#### GIVEN DATA:

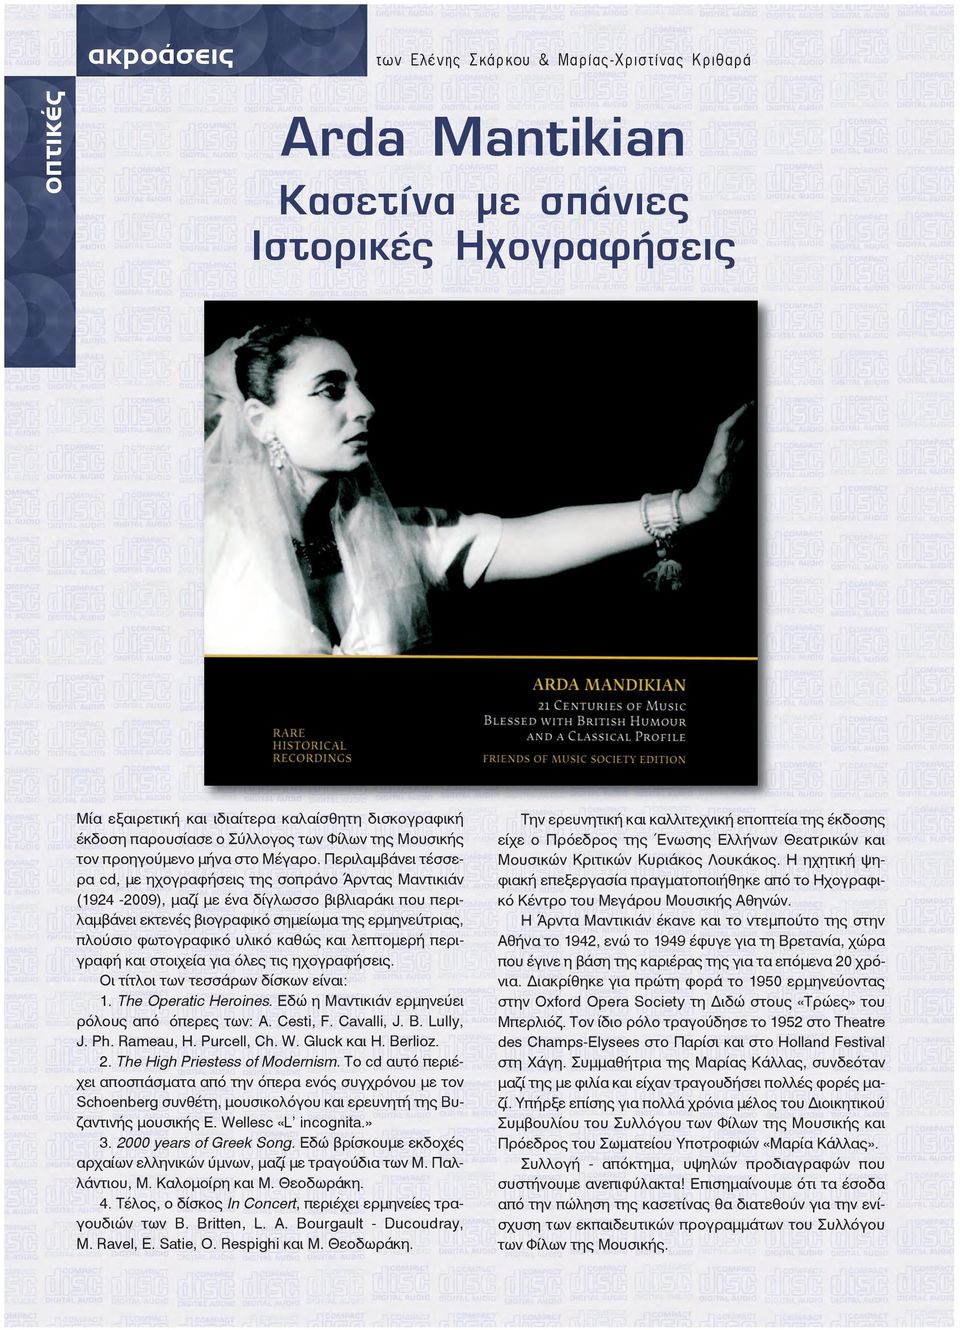 Περιλαμβάνει τέσσερα cd, με ηχογραφήσεις της σοπράνο Άρντας Μαντικιάν (1924-2009), μαζί με ένα δίγλωσσο βιβλιαράκι που περιλαμβάνει εκτενές βιογραφικό σημείωμα της ερμηνεύτριας, πλούσιο φωτογραφικό
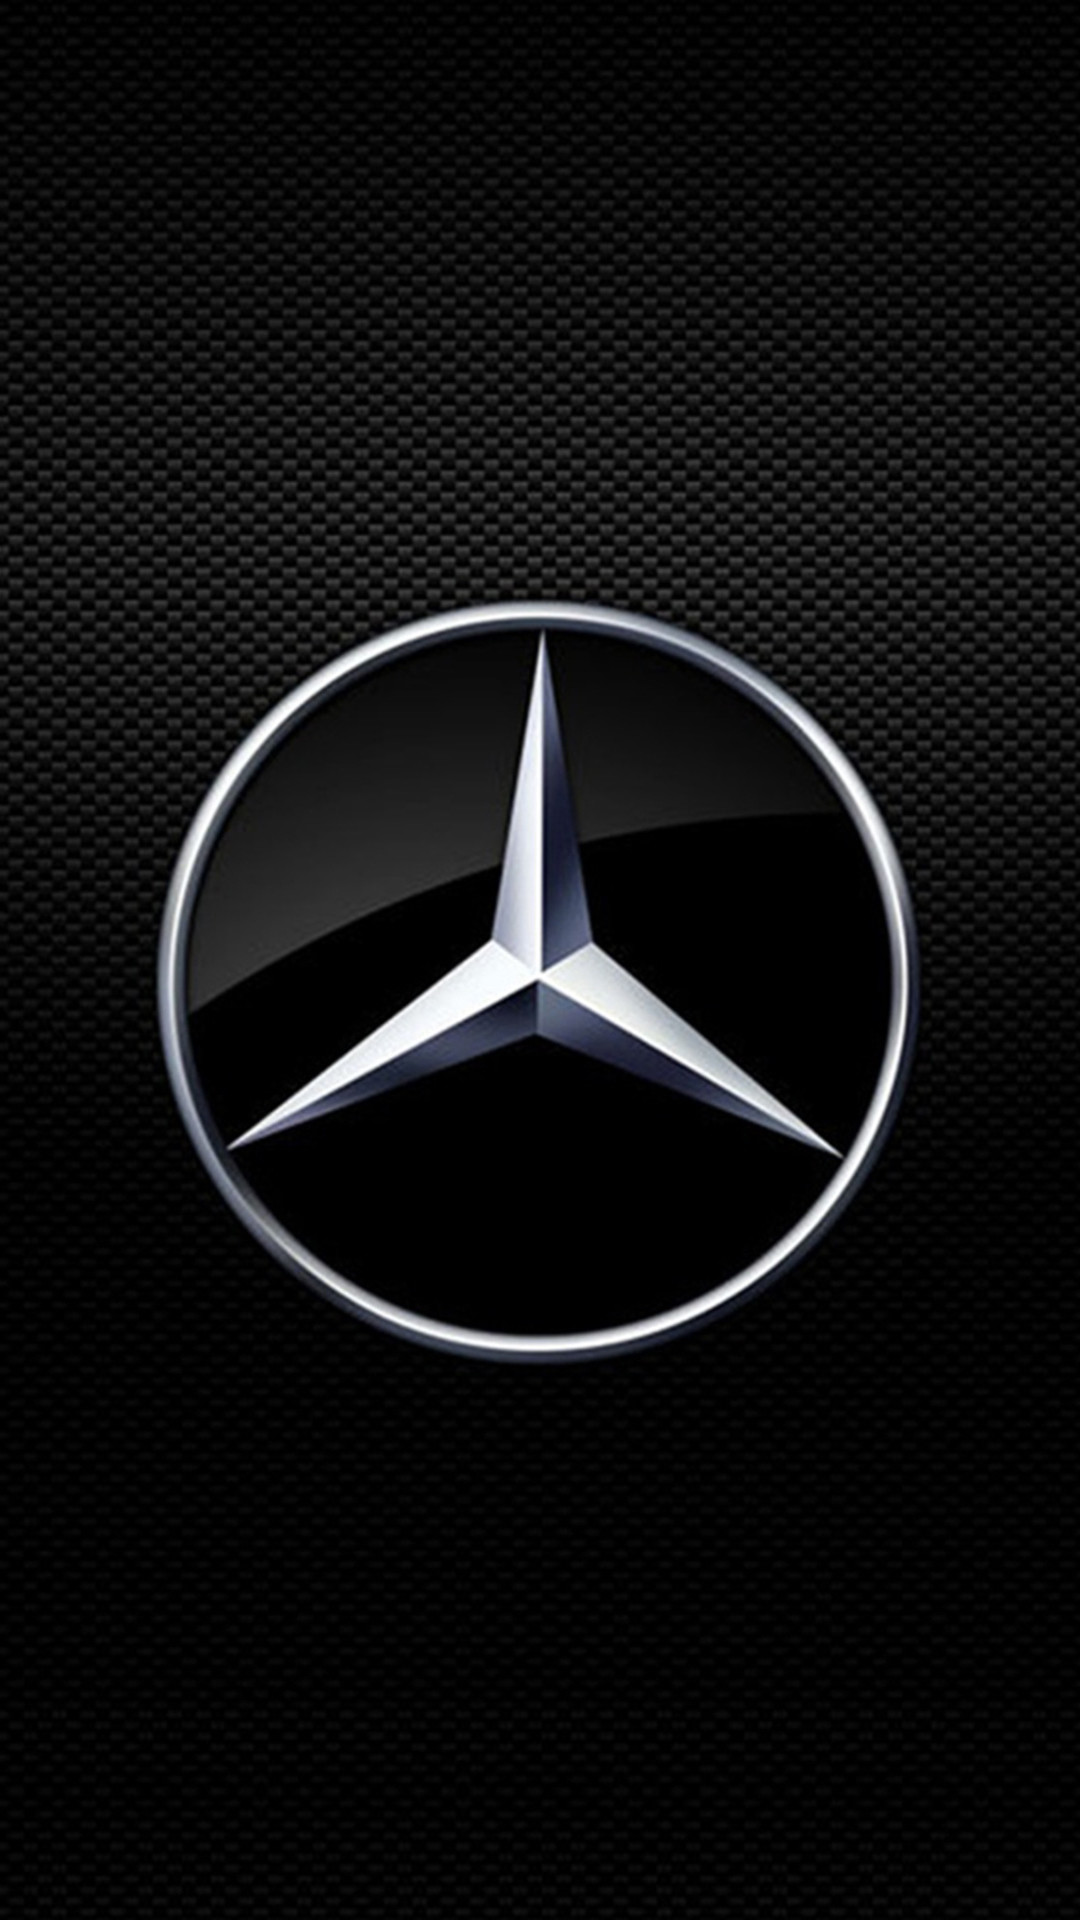 1080x1920 Mercedes-Benz symbol
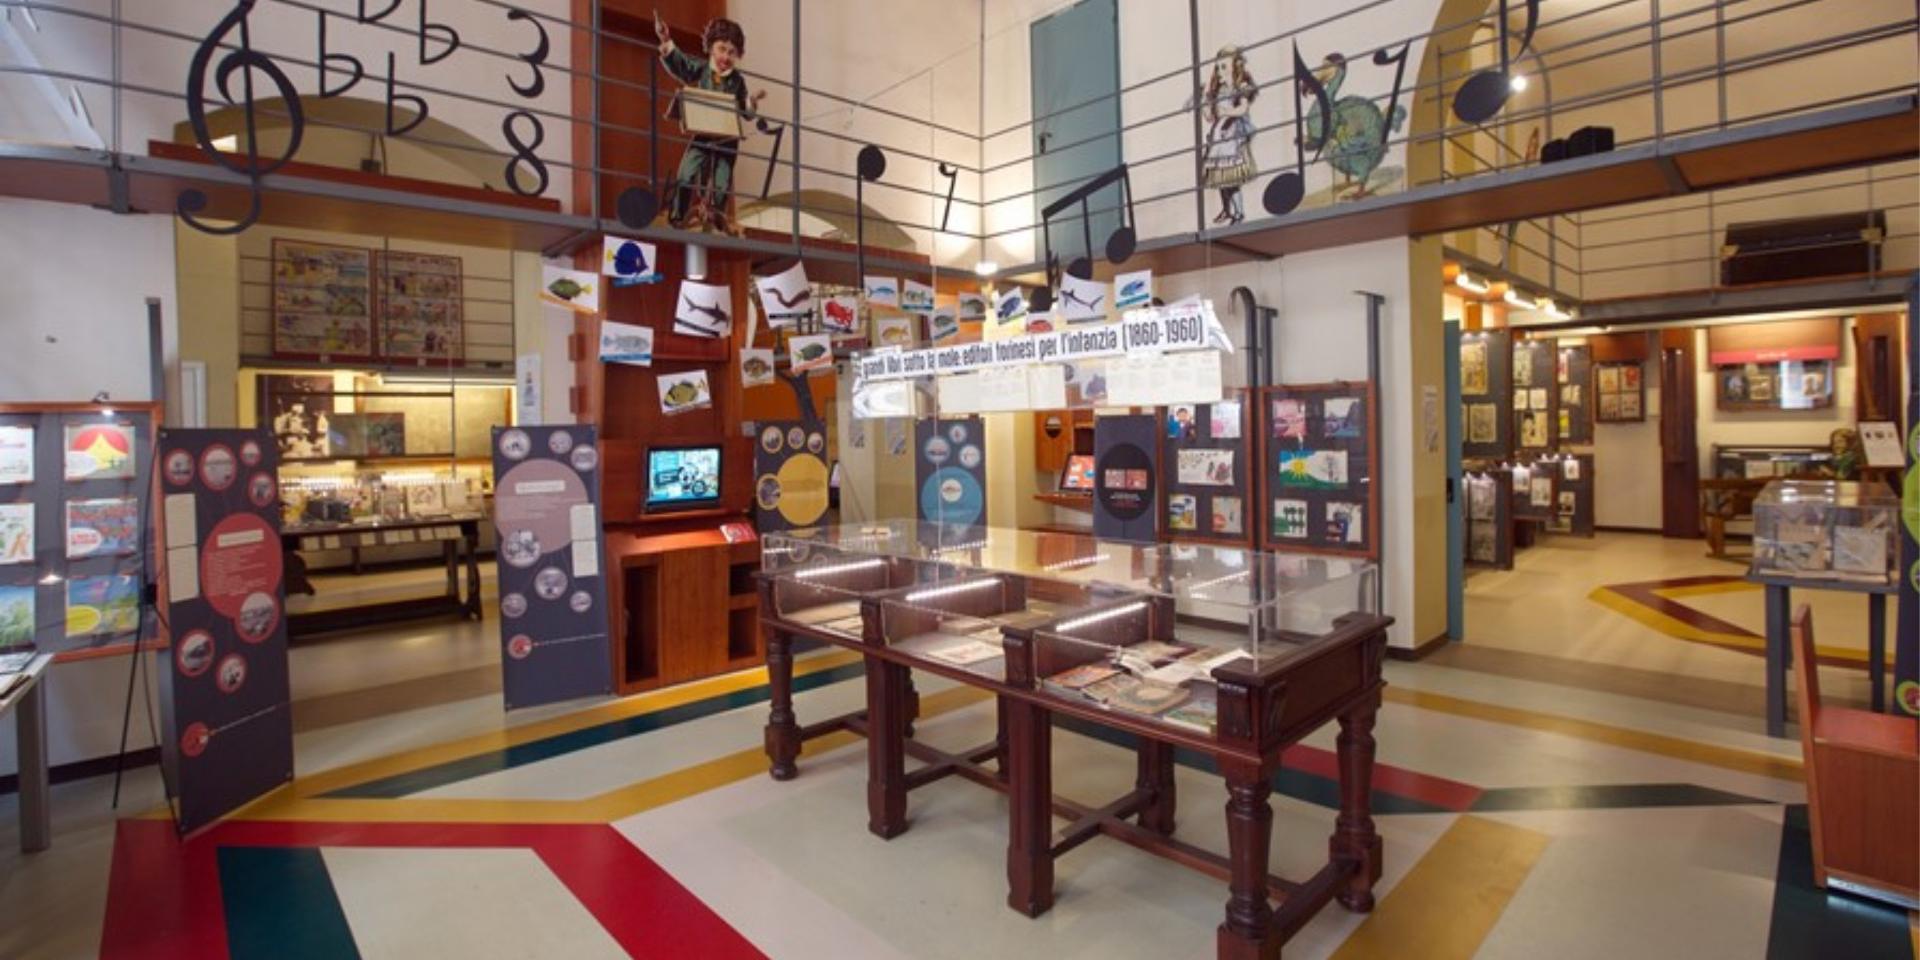 Fondazione Tancredi di Barolo - School and Childhood books Museum

#### GOAL OF THE EXERCISE:
Please restate the whole listing exactly, without any of its pictures.

#### WRITTEN ANSWER:
 Περιλαμβάνει τέσσερα cd, με ηχογραφήσεις της σοπράνο Άρντας Μαντικιάν (1924-2009), μαζί με ένα δίγλωσσο βιβλιαράκι που περιλαμβάνει εκτενές βιογραφικό σημείωμα της ερμηνεύτριας, πλούσιο φωτογραφικό
 1080x1920 Mercedes-Benz symbol
 Fondazione Tancredi di Barolo - School and Childhood books Museum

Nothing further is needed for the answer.